What you are asked to do
Taking the data below, please print only the lines from the line holding "奶牛人工授精VR虚拟仿真实训系统" to the line holding "Купить Потолочный вентилятор", inclusive, with pictures omitted.

Data extract
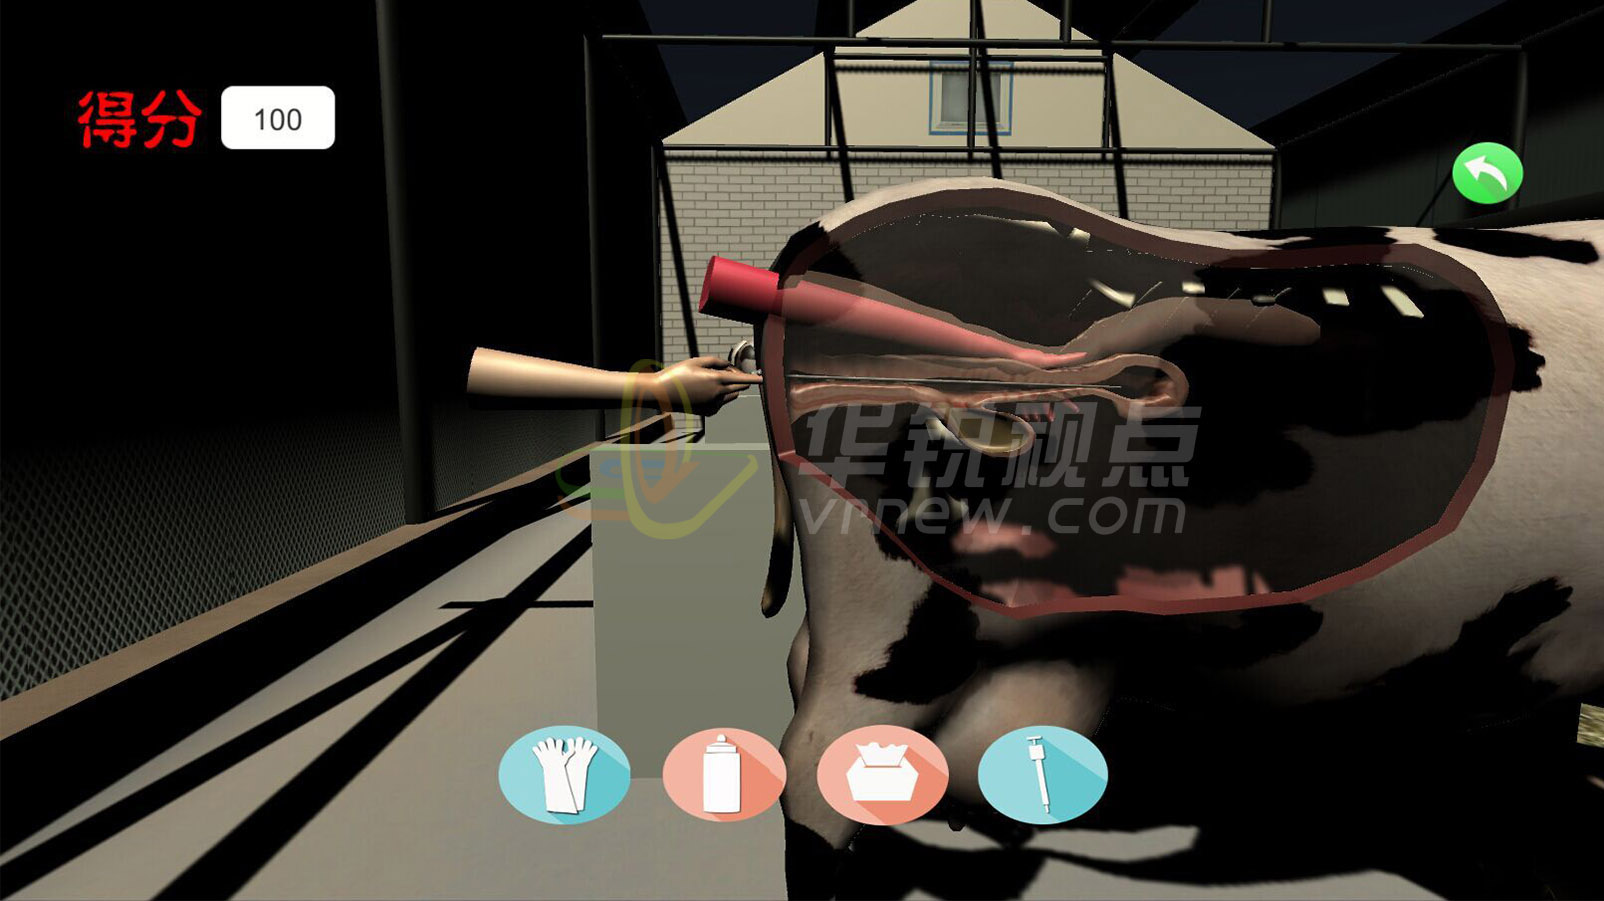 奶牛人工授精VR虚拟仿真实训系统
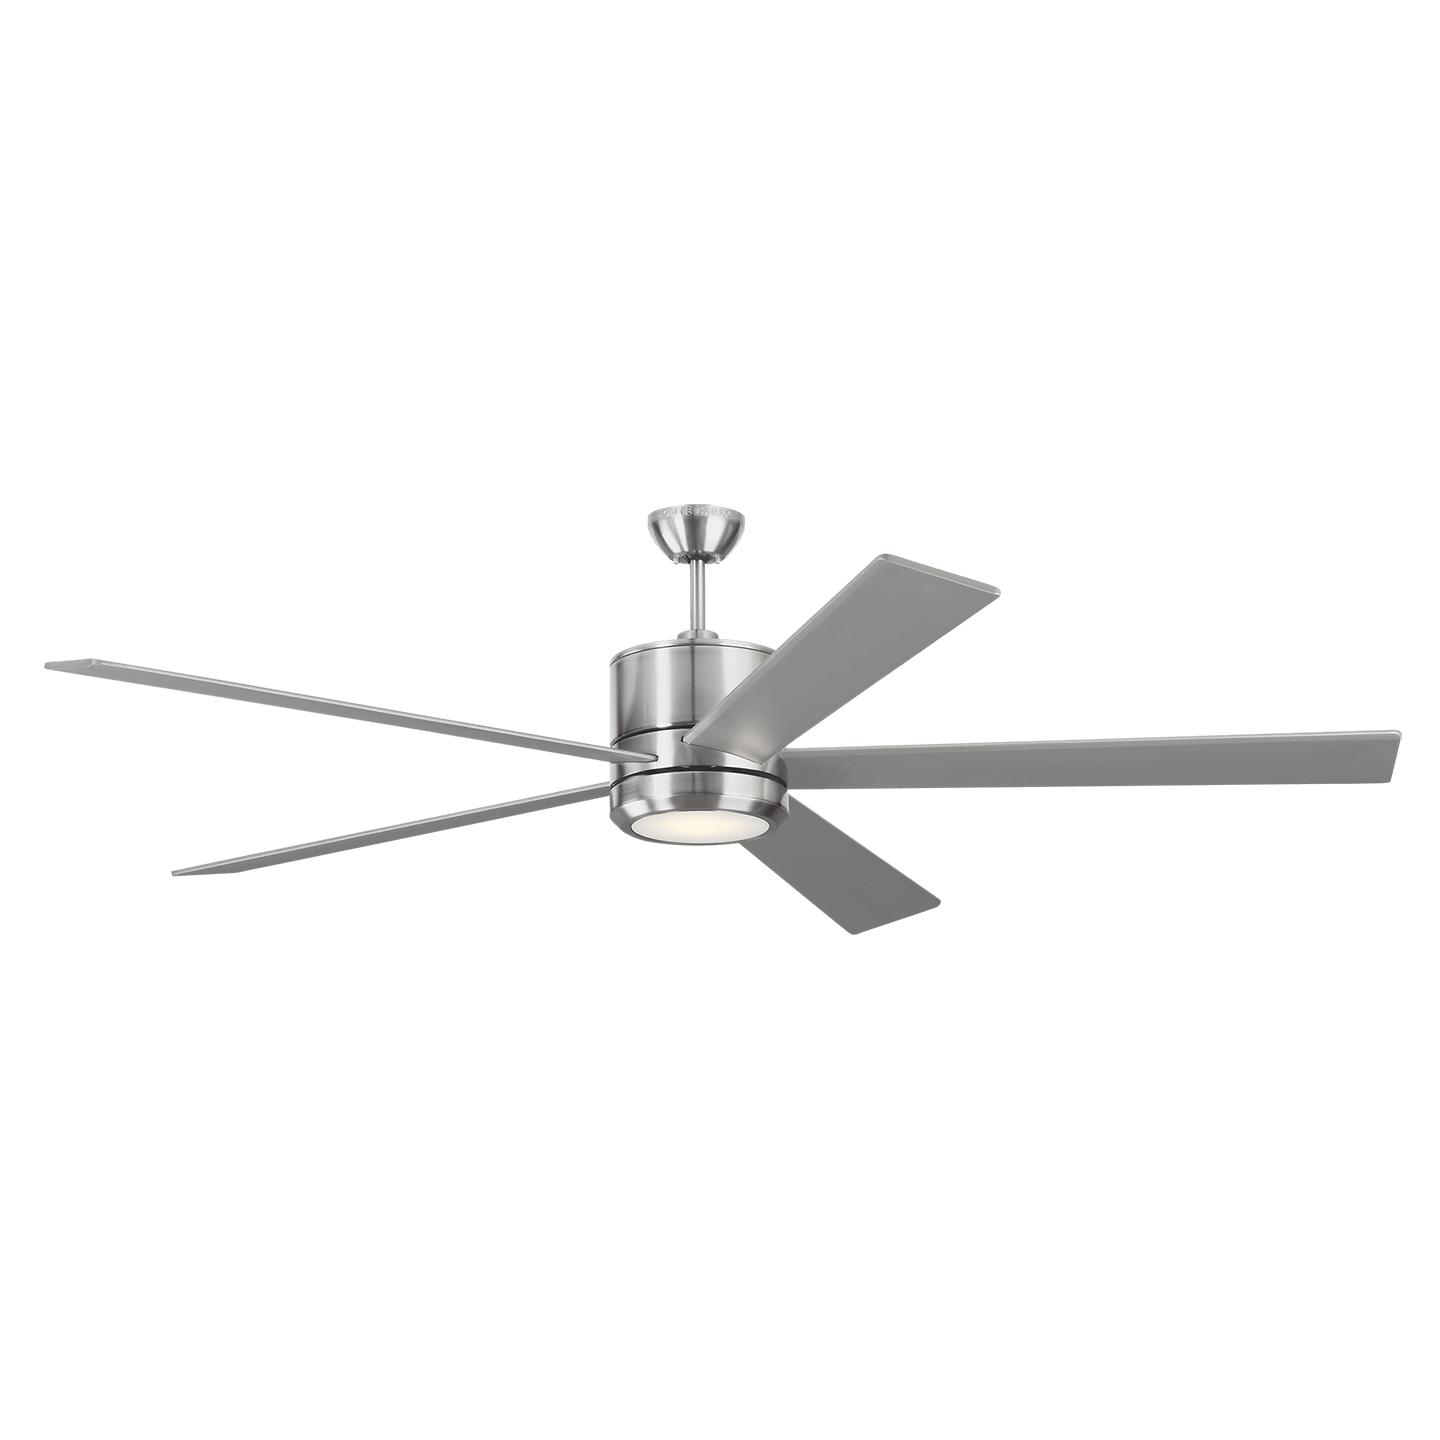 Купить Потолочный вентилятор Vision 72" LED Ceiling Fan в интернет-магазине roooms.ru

...

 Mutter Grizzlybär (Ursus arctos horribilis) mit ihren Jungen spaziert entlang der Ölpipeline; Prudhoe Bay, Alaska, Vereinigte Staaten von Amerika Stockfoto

Solved problem
 奶牛人工授精VR虚拟仿真实训系统
 Купить Потолочный вентилятор Vision 72" LED Ceiling Fan в интернет-магазине roooms.ru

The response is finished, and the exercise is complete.